When sample IDs don’t match between files:

# Check for common issues:
# 1. Leading/trailing whitespace: "  sample1  " vs "sample1"
# 2. Case differences: "Sample1" vs "sample1"
# 3. Numeric formatting: "001" vs "1"

metadata:
  path: metadata.csv
  link_by: sample_id
  strip_whitespace: true  # Remove whitespace
  case_sensitive: false   # Ignore case

Validation Workflow

Use the CLI to validate configurations before running pipelines:

# Validate configuration syntax
nirs4all dataset validate config.yaml

# Inspect data with auto-detection
nirs4all dataset inspect data.csv --detect

# Export normalized configuration
nirs4all dataset export config.yaml -o normalized.yaml

# Compare configurations
nirs4all dataset diff config1.yaml config2.yaml

Getting Diagnostic Reports

For detailed diagnostics, enable verbose mode:

from nirs4all.data import DatasetConfigs
from nirs4all.data.schema.validation import DiagnosticBuilder

# Create diagnostic builder
diagnostics = DiagnosticBuilder()

# Load with diagnostics
try:
    config = DatasetConfigs.from_yaml("config.yaml")
except Exception as e:
    # Get diagnostic report
    report = diagnostics.build()
    print(report.to_text())

    # Or save as JSON for analysis
    report.save_json("diagnostics.json")

FAQ

Q: My file loads but wavelengths are wrong A: Check header_unit matches your data. Use nirs4all dataset inspect file.csv --detect to see detected parameters.

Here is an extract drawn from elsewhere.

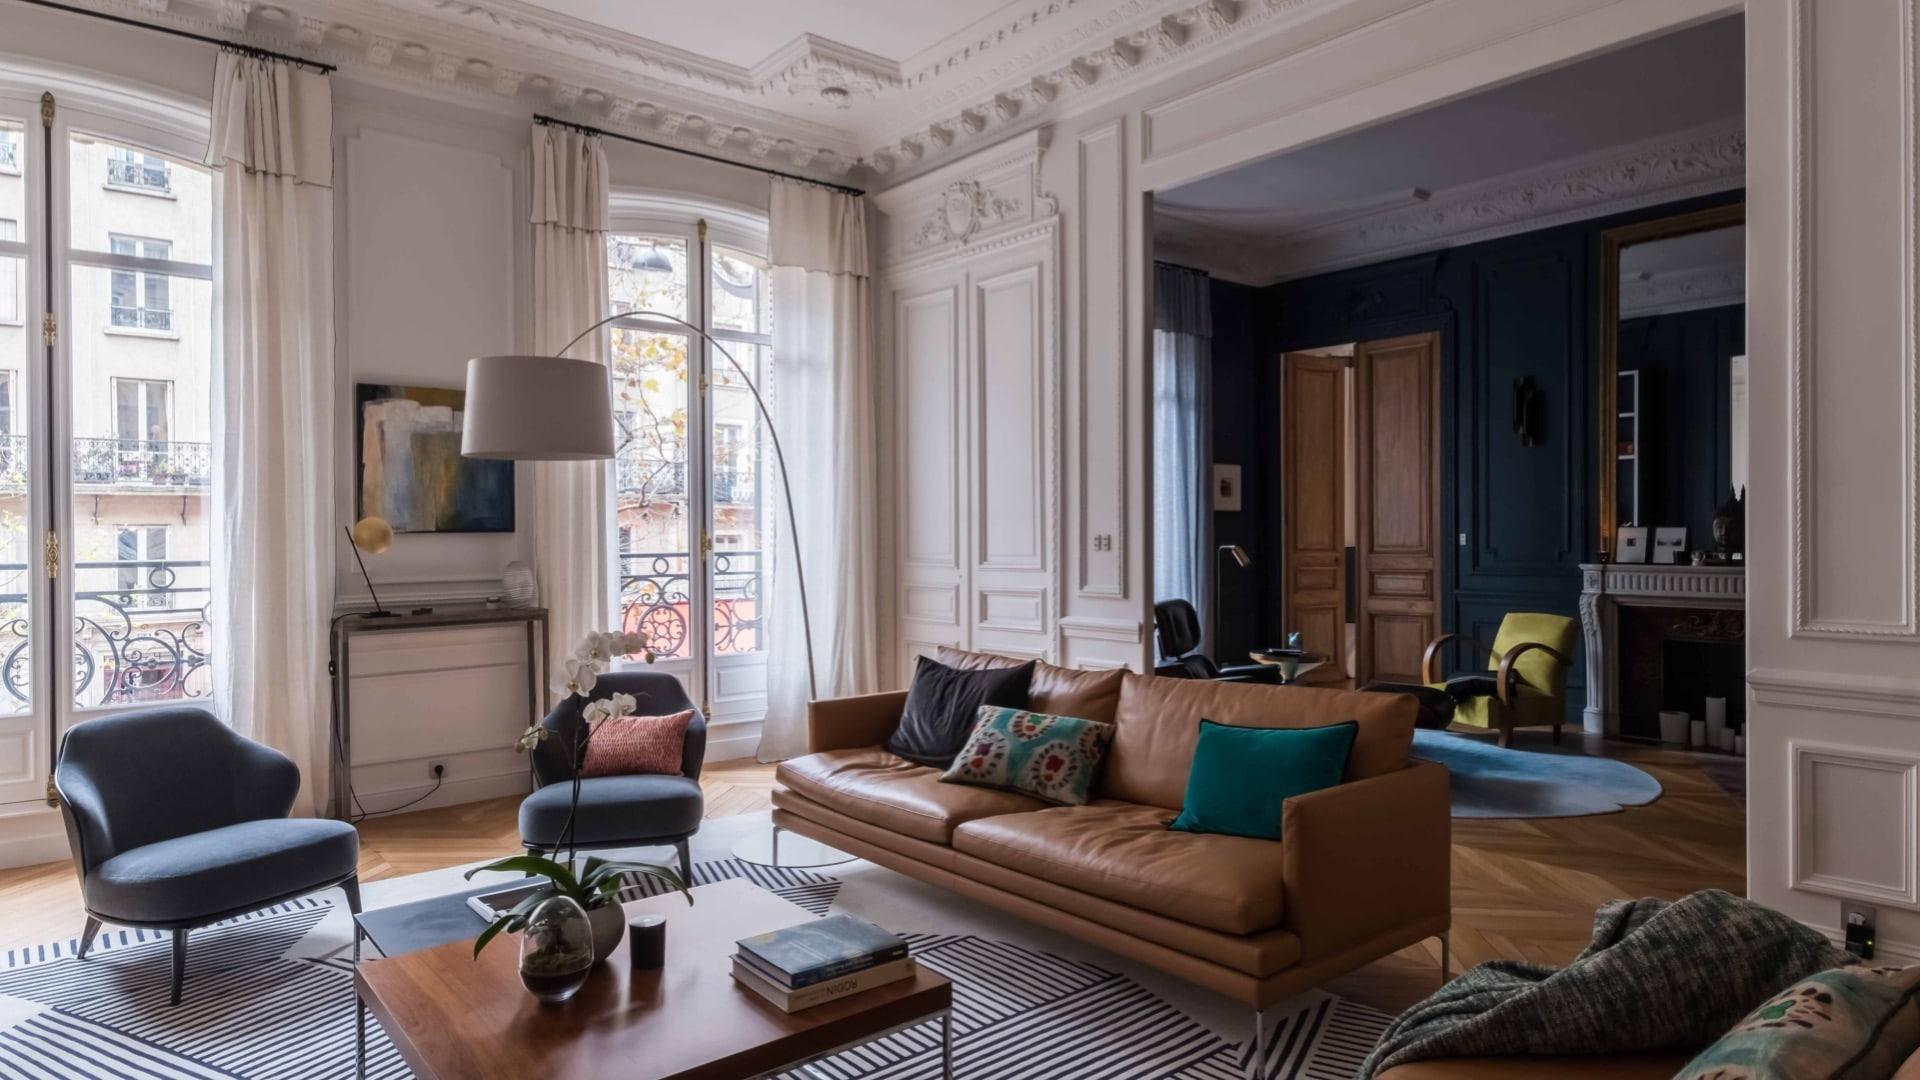 Agence immobilière Élancourt : quels sont les tarifs immobiliers à Élancourt ?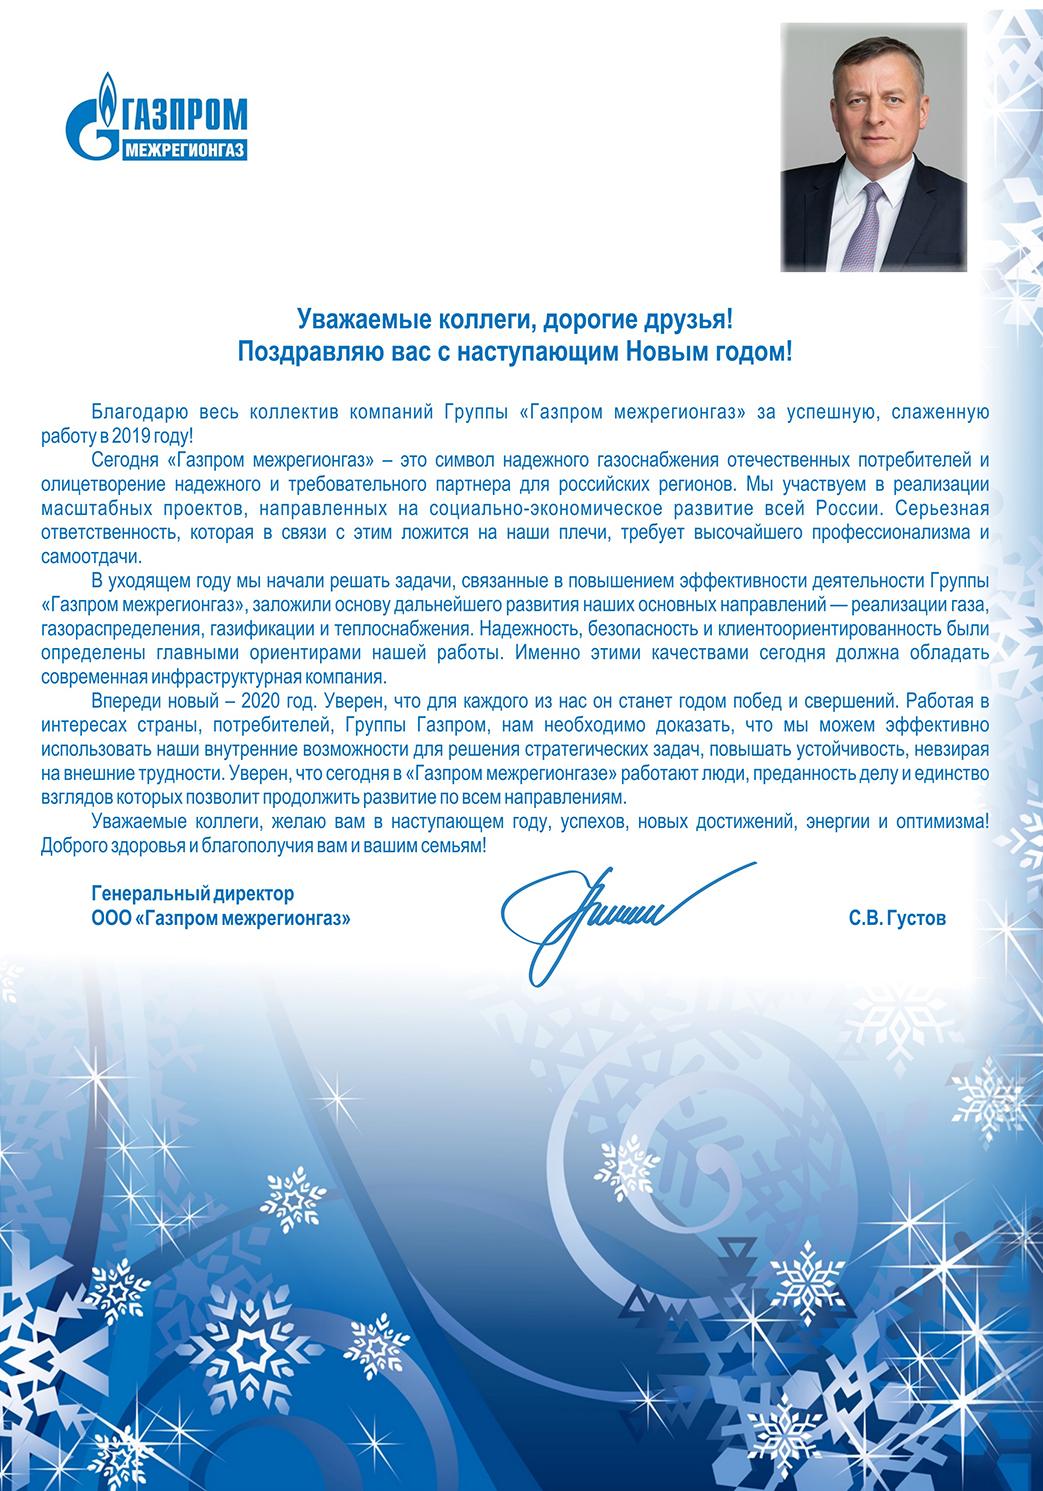 основном поздравление генерального директора газпрома сразу уточним, будем

Q: Aggregation removes too many samples A: Lower outlier_threshold or set exclude_outliers: false.

Q: Cache isn’t being used A: Ensure cache_enabled: true and check cache size limits.

Q: Getting OOM errors with large datasets A: Enable lazy_loading: true in performance settings.

Q: Configuration works locally but fails in CI A: Use absolute paths or paths relative to config file location.